Hi,
I have an issue with reading CSV files.
I am to reading CSV file and putting it in a Datatable in C#. I am using a regular expression to read the values. Below is the code. Now, it reads CSV file without any issues only if all the fields are not null.

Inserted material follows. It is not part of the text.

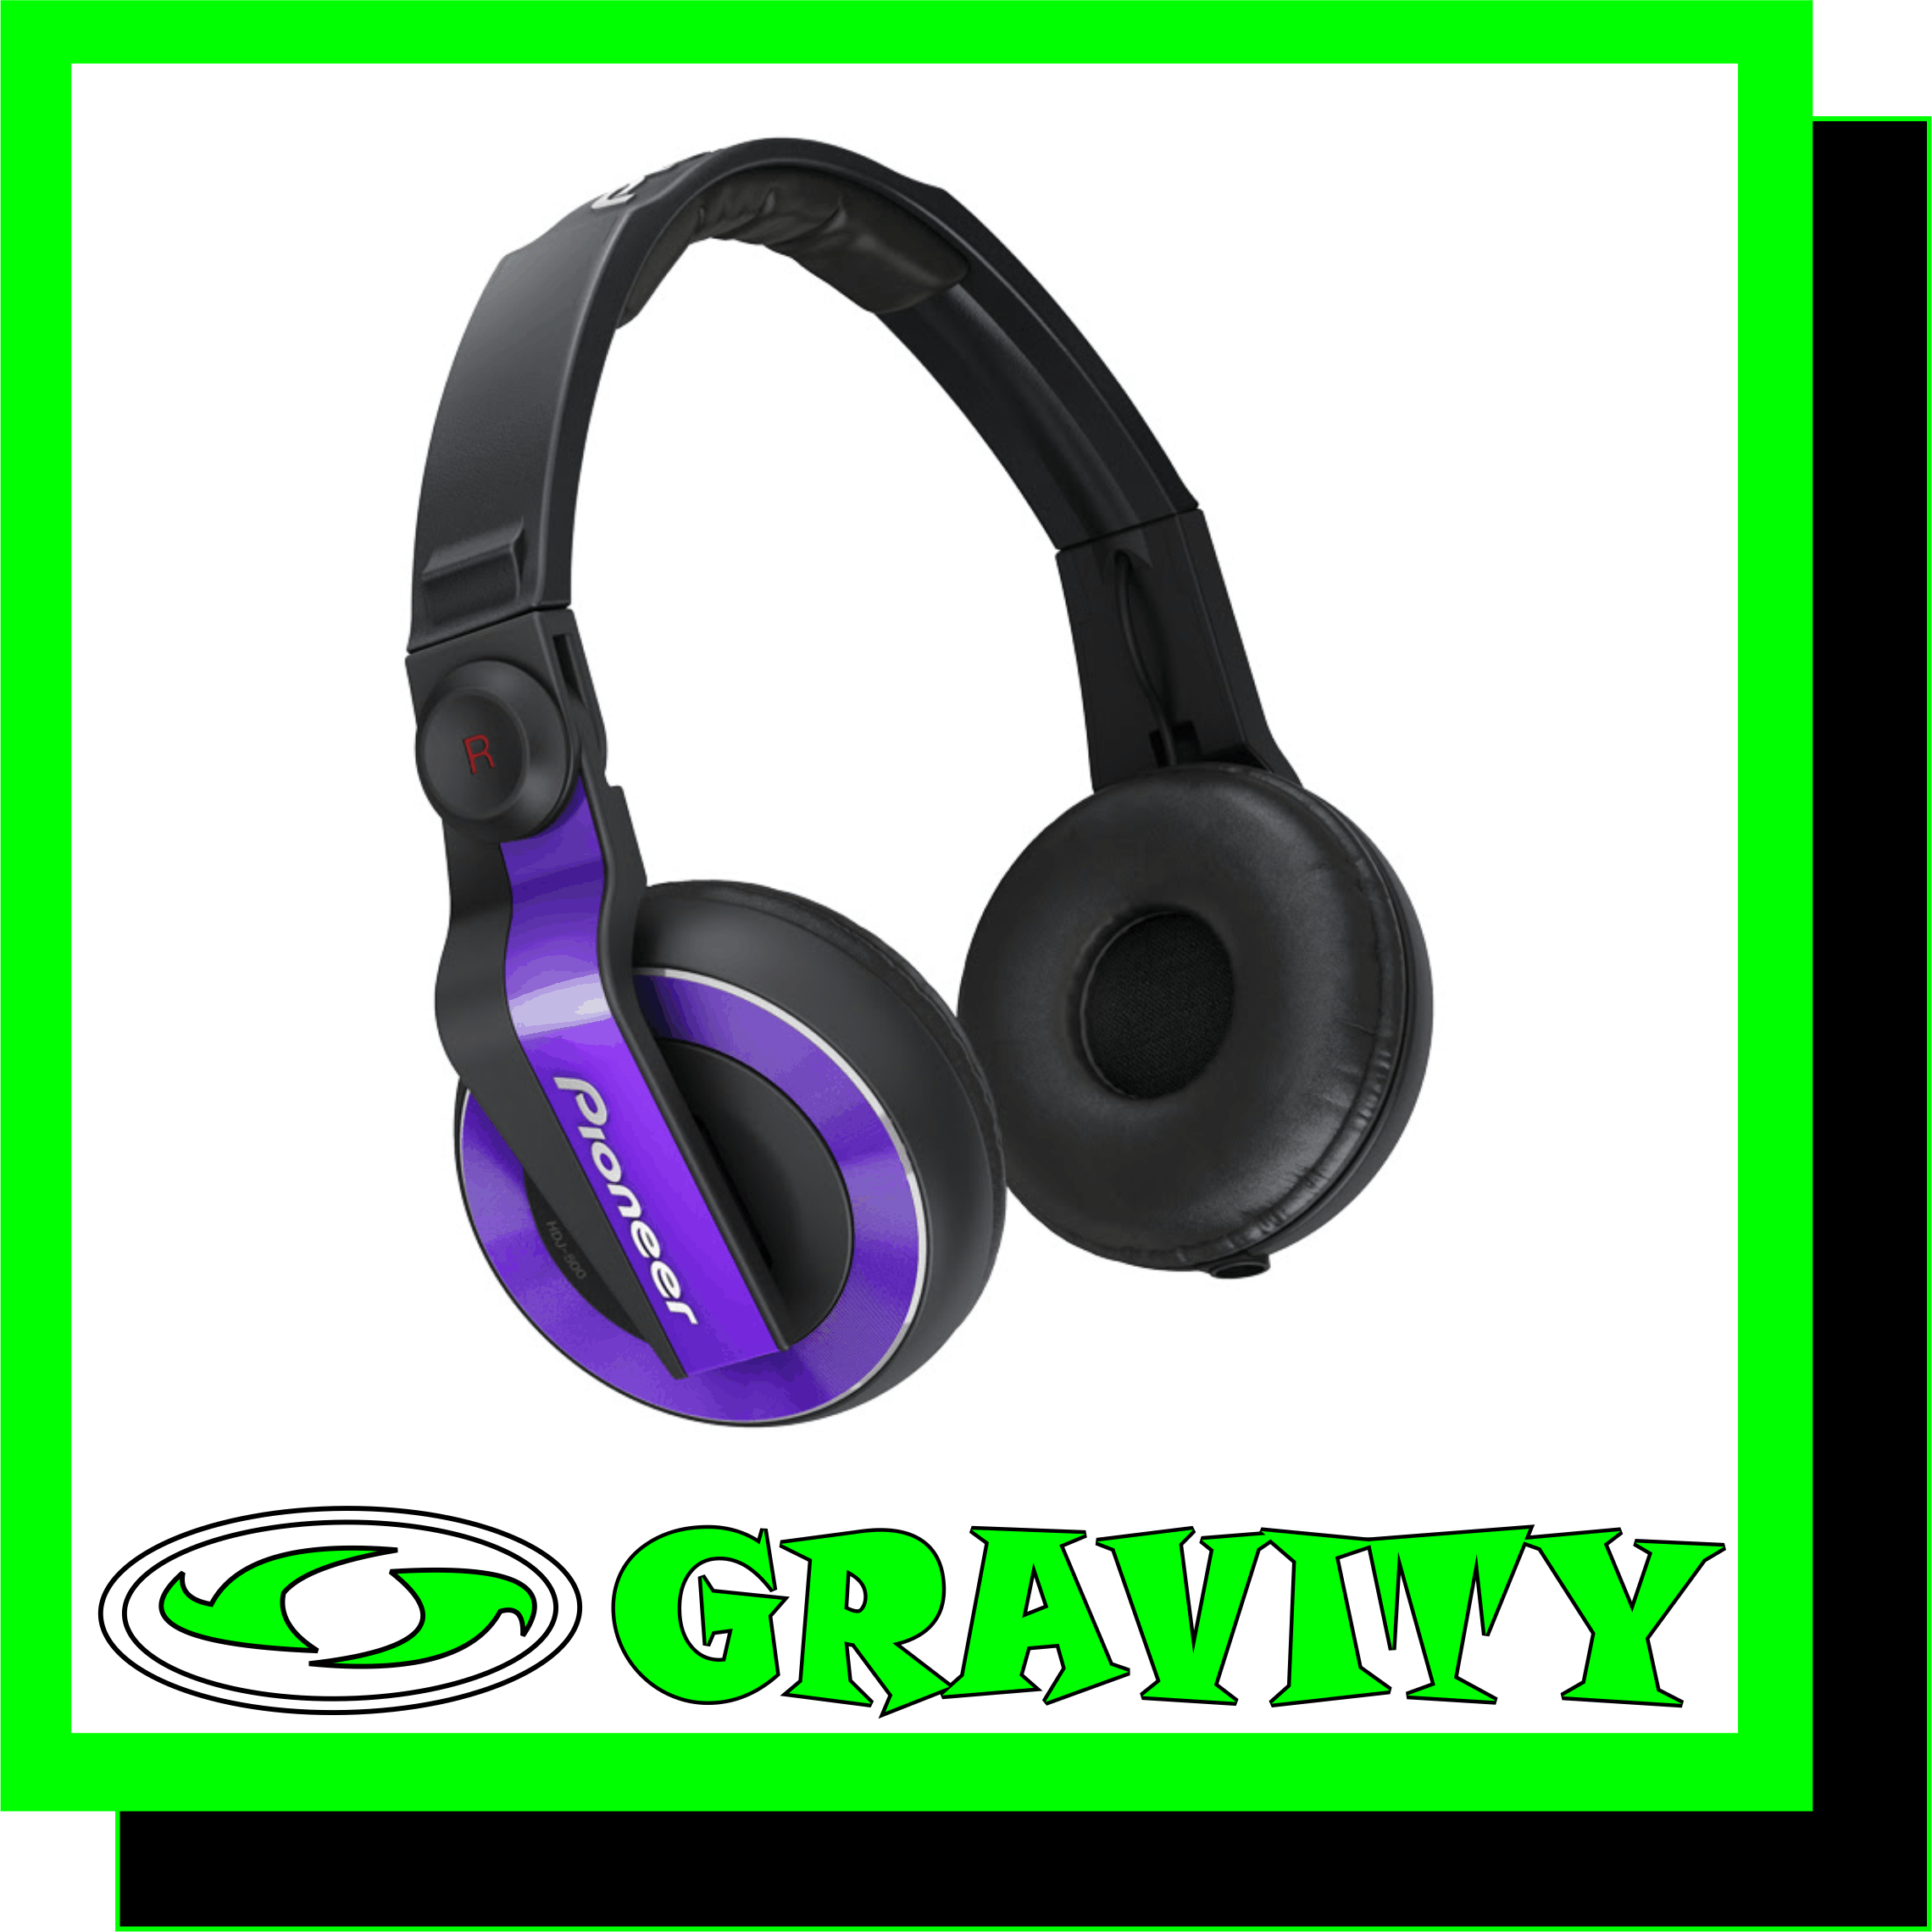 HDJ500V @ R2 350.00  DJ Headphones   Refined Design for Maximum Comfort & Reliability Advanced Sound Quality with low & mid ranges Right earpiece rotates forward and back up to 60 degrees Includes 1m straight leisure cord & coiled DJing cord GRAVITY SOUND AND LIGHTING WAREHOUSE 0315072463

If any field is blank, it moves the values to the left and displays the value under invalid column.
Example is shown below:
A part of CSV file.
I am reading the first row as column name of the table and subsequent rows as values for those columns.
Input:
"BEGDOC","DOCID","CUSTODIAN","EvidenceFile"
"TCP-REV-00000015",29,"Linda Difilippo","NSF File"
Output:
BEGDOC DOCID CUSTODIAN EvidenceFile
TCP-REV-00000014 29 Linda Difilippo NSF File
But, If I have an input like this(BegDoc column is empty):
"BEGDOC","DOCID","CUSTODIAN","EvidenceFile"
“”, 29,"Linda Difilippo","NSF File"
Output I get as:
BEGDOC DOCID CUSTODIAN EvidenceFile
29 Linda Difilippo NSF File
29 comes under BEGDOC column, which was suppose to come under DOCID.
Please help me to fix this?
C# Code:
public DataTable ParseCSVFile(string path)
{
string inputString = "";
// check that the file exists before opening it
if (File.Exists(path))
{
StreamReader sr = new StreamReader(path);
inputString = sr.ReadToEnd();
sr.Close();
}
return ParseCSV(inputString);
}
public DataTable ParseCSV(string inputString)
{
DataTable dt = new DataTable();
// declare the Regular Expression that will match versus the input string
Regex re = new Regex("((?<field>[^\",\\r\\n]+)|\"(?<field>([^\"]|\"\")+)\")(,|(?<rowbreak>\\r\\n|\\n|$))");
ArrayList colArray = new ArrayList();
ArrayList rowArray = new ArrayList();
int colCount = 0;
int maxColCount = 0;
string rowbreak = "";
string field = "";
MatchCollection mc = re.Matches(inputString);
foreach (Match m in mc)
{
// retrieve the field and replace two double-quotes with a single double-quote
field = m.Result("${field}").Replace("\"\"", "\"");
rowbreak = m.Result("${rowbreak}");
if (field.Length > 0)
{
colArray.Add(field);
colCount++;
}
if (rowbreak.Length > 0)
{
// add the column array to the row Array List
rowArray.Add(colArray.ToArray());
// create a new Array List to hold the field values
colArray = new ArrayList();
if (colCount > maxColCount)
maxColCount = colCount;
colCount = 0;
}
}
if (rowbreak.Length == 0)
{
// this is executed when the last line doesn't
// end with a line break
rowArray.Add(colArray.ToArray());
if (colCount > maxColCount)
maxColCount = colCount;
}
// create the columns for the table
// for (int i = 0; i < maxColCount; i++)
// dt.Columns.Add(String.Format("col{0:000}", i));
//Ravi Coding started....
Array ra1 = rowArray.ToArray();
Array ca1 = (Array)(ra1.GetValue(0));
for (int j = 0; j < ca1.Length; j++)
{
string str = ca1.GetValue(j).ToString();
dt.Columns.Add(str);
}
//Ravi Coding ends here...
// convert the row Array List into an Array object for easier access
Array ra = rowArray.ToArray();
for (int i = 1; i < ra.Length; i++)
{
// create a new DataRow
DataRow dr = dt.NewRow();
// convert the column Array List into an Array object for easier access
Array ca = (Array)(ra.GetValue(i));
// add each field into the new DataRow
for (int j = 0; j < ca.Length; j++)
dr[j] = ca.GetValue(j);
// add the new DataRow to the DataTable
dt.Rows.Add(dr);
}
// in case no data was parsed, create a single column
if (dt.Columns.Count == 0)
dt.Columns.Add("NoData");
return dt;
}